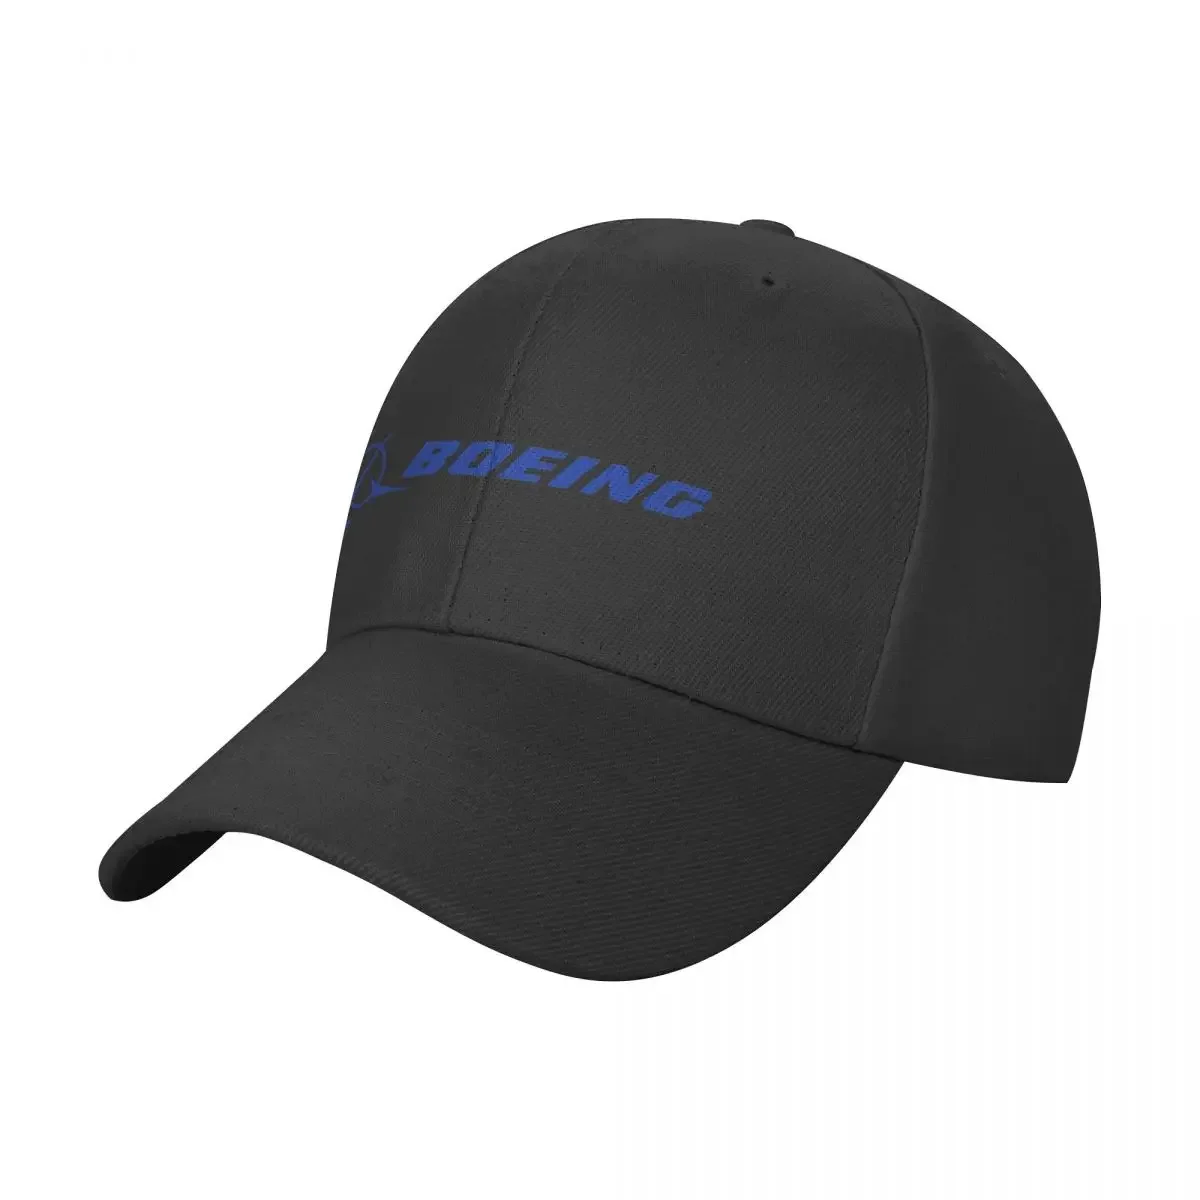 

Boeing Aircraft Jet Aviation Airplane Baseball Cap Luxury Hat New In The Hat Men Caps Women's
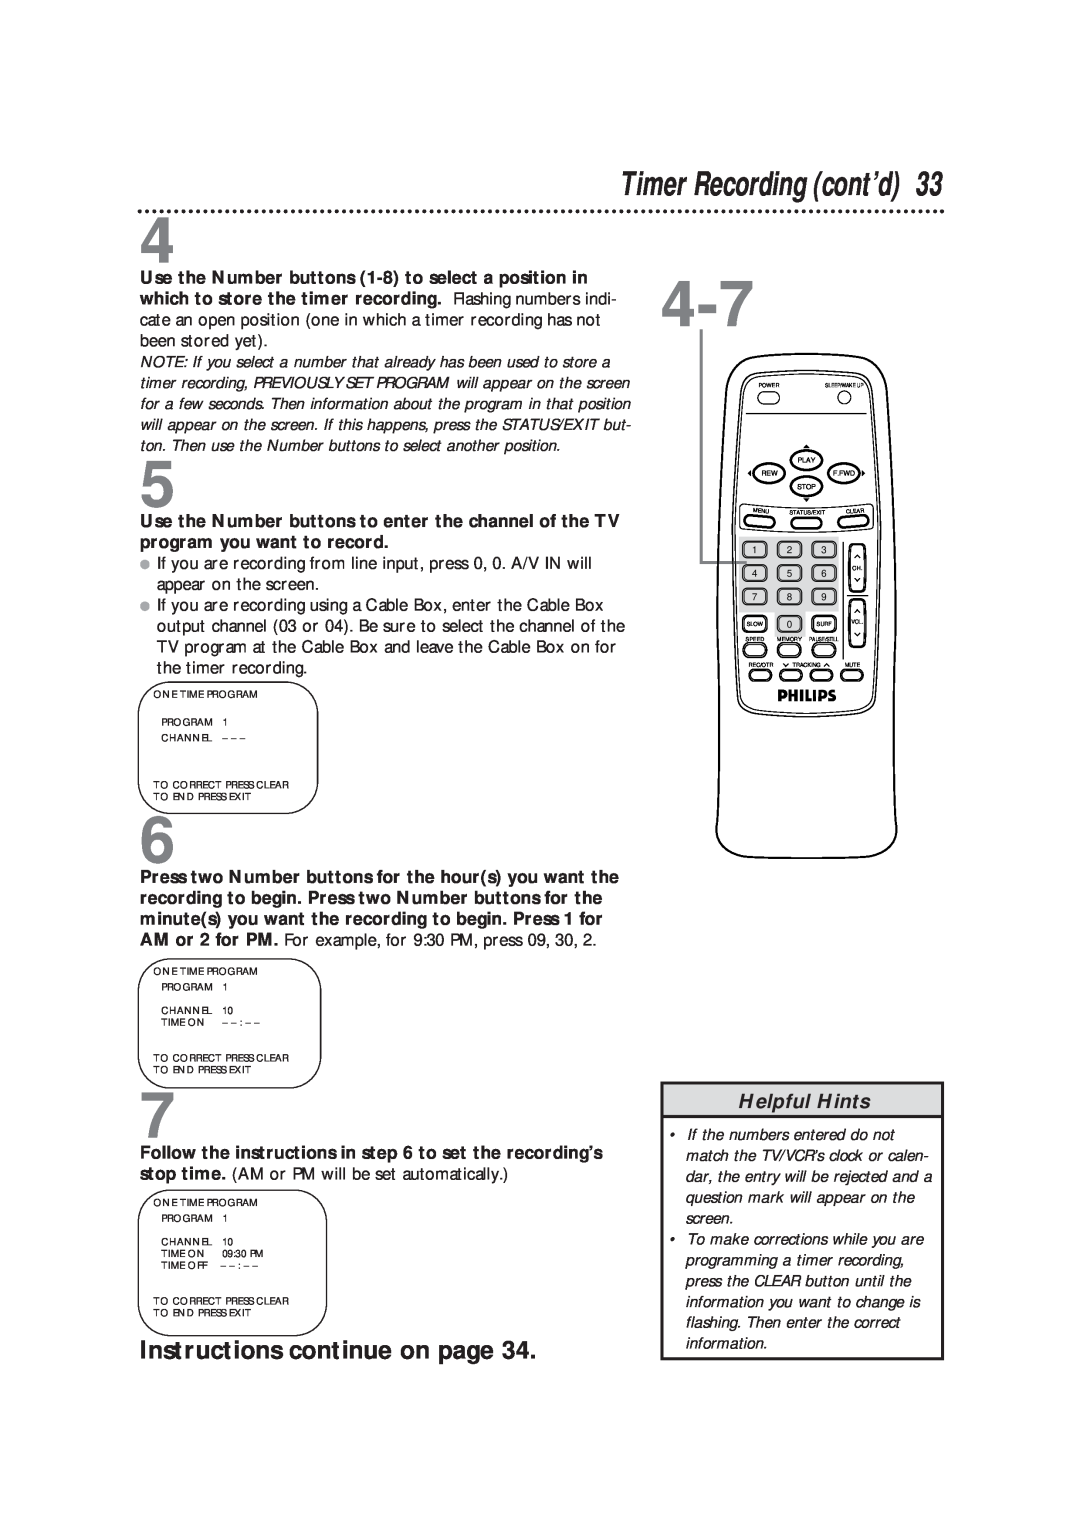 Magnavox CCB193AT owner manual Timer Recording cont’d, Instructions continue on page, Helpful Hints, information 
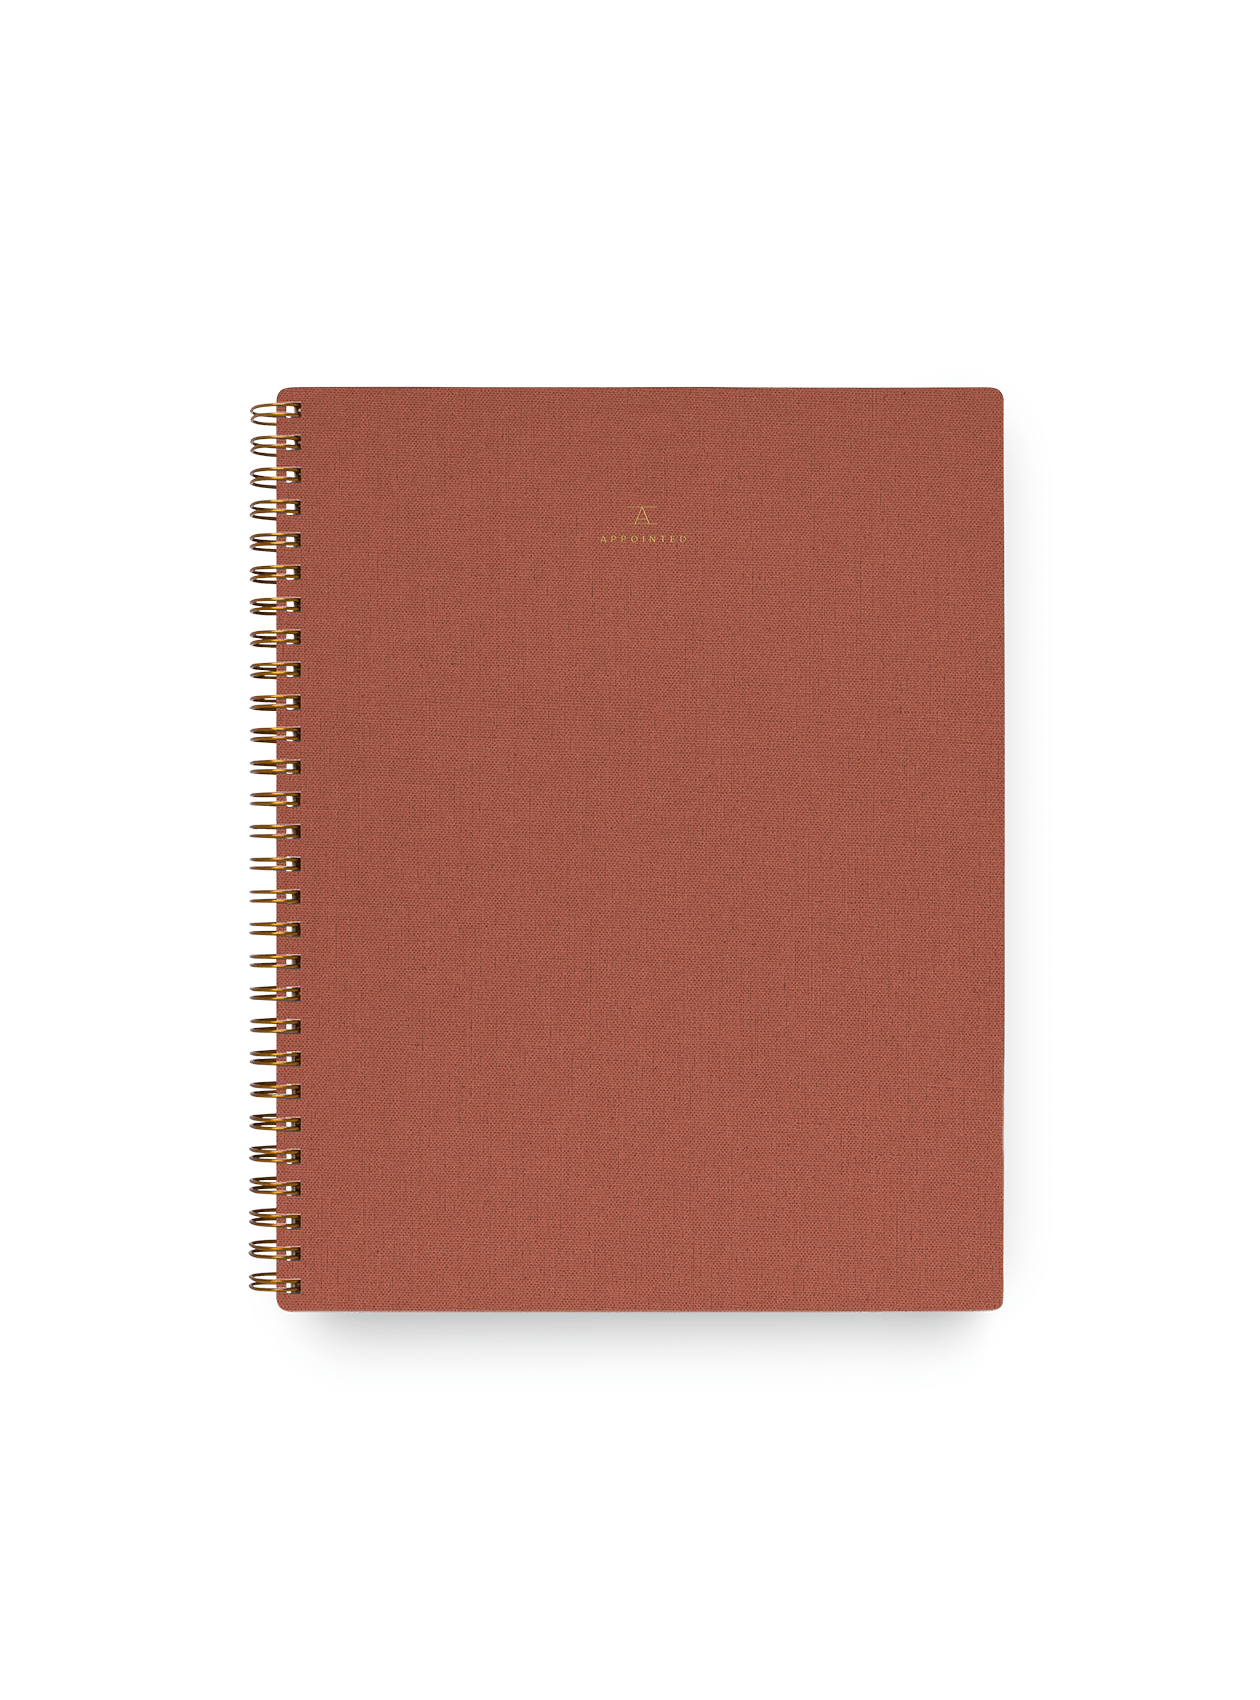 The Appointed Notebook in Sienna with bookcloth covers, gold foil stamped details, and wire-o binding || Sienna
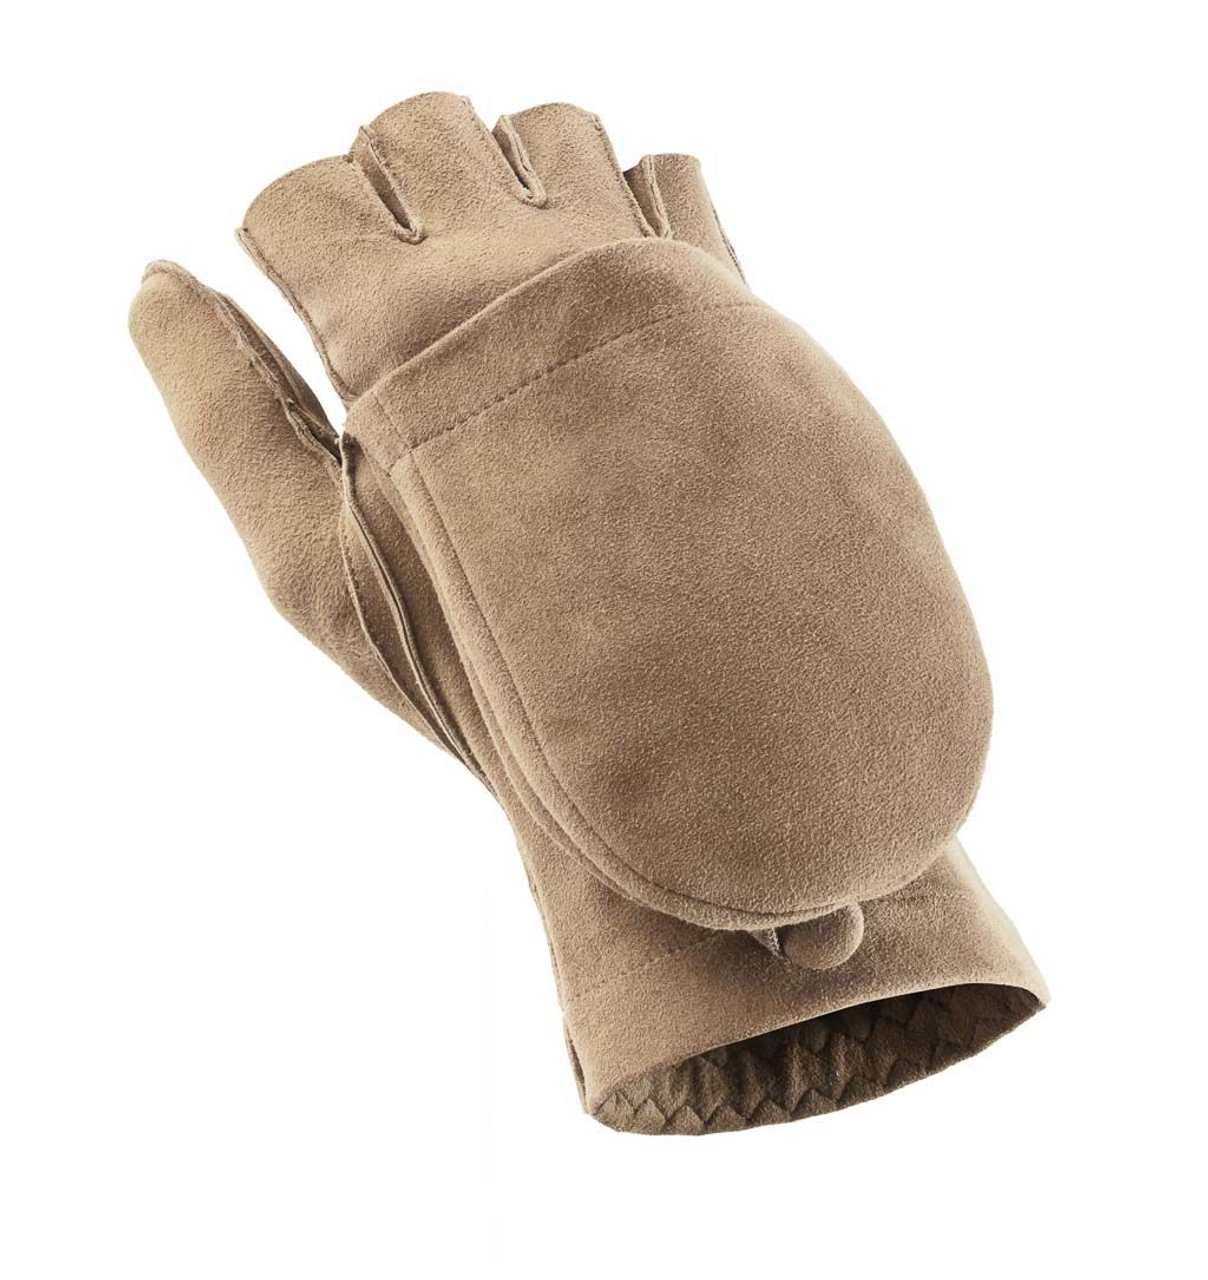 Gaston J. Glock Hunting Gloves Made of Reindeer Leather / unlined FL -  Connecticut Shotgun Manufacturing Company
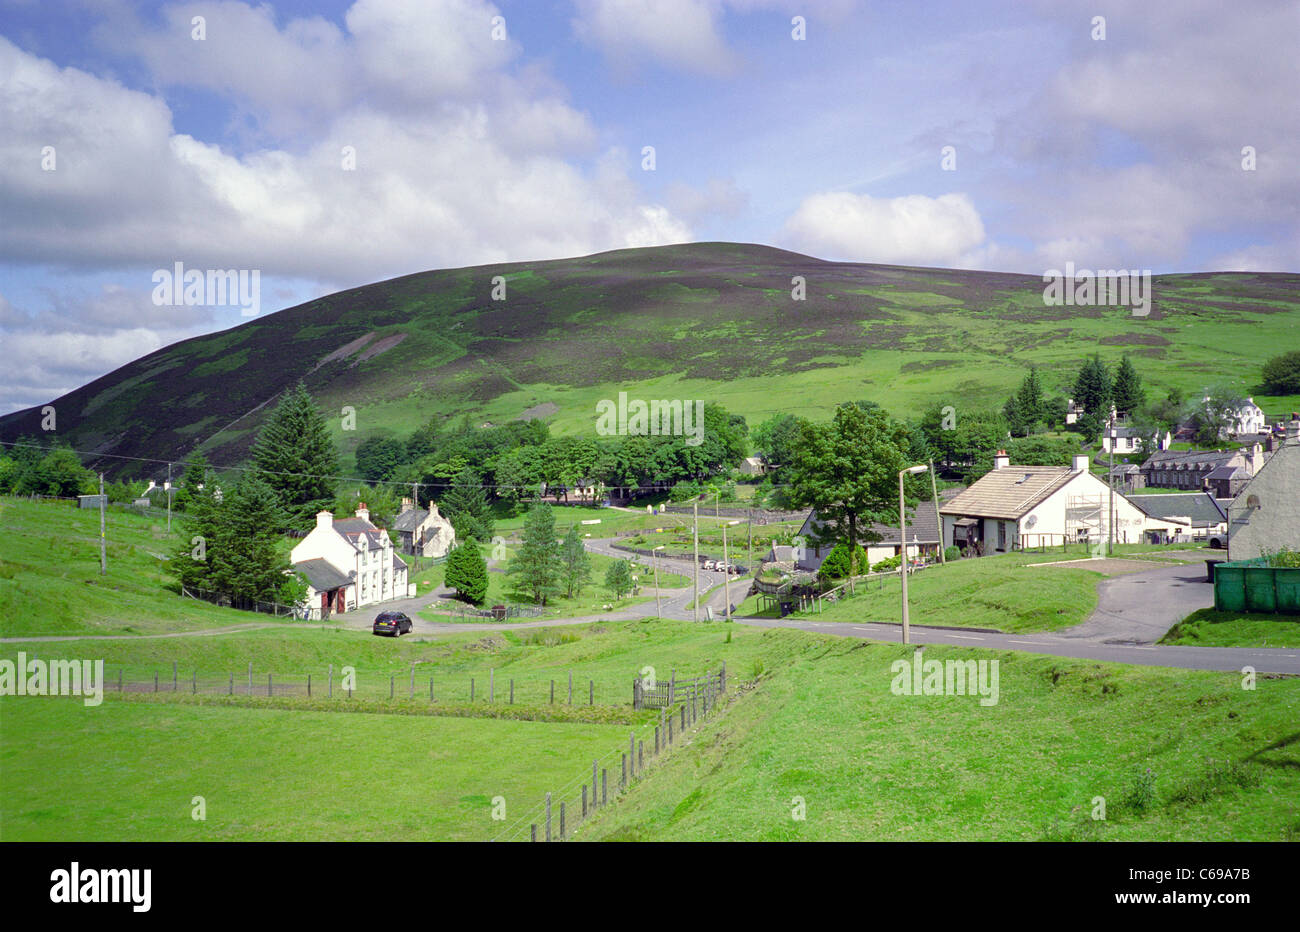 Village of Wanlockhead nestled in the Lowther Hills, Nithsdale, Dumfries and Galloway, Scotland, UK Stock Photo

_ _ _

■ **Exercise prompt**
Return, exactly as they stand, the lines from the opening line of the listing through the line with "The Appointed Notebook", both ends counted, and no pictures.

■ **Solution to this task**
Boeing Aircraft Jet Aviation Airplane Baseball Cap Luxury Hat New In The Hat Men Caps Women's
 Magnavox CCB193AT owner manual Timer Recording cont’d, Instructions continue on page, Helpful Hints, information 
 The Appointed Notebook in Sienna with bookcloth covers, gold foil stamped details, and wire-o binding || Sienna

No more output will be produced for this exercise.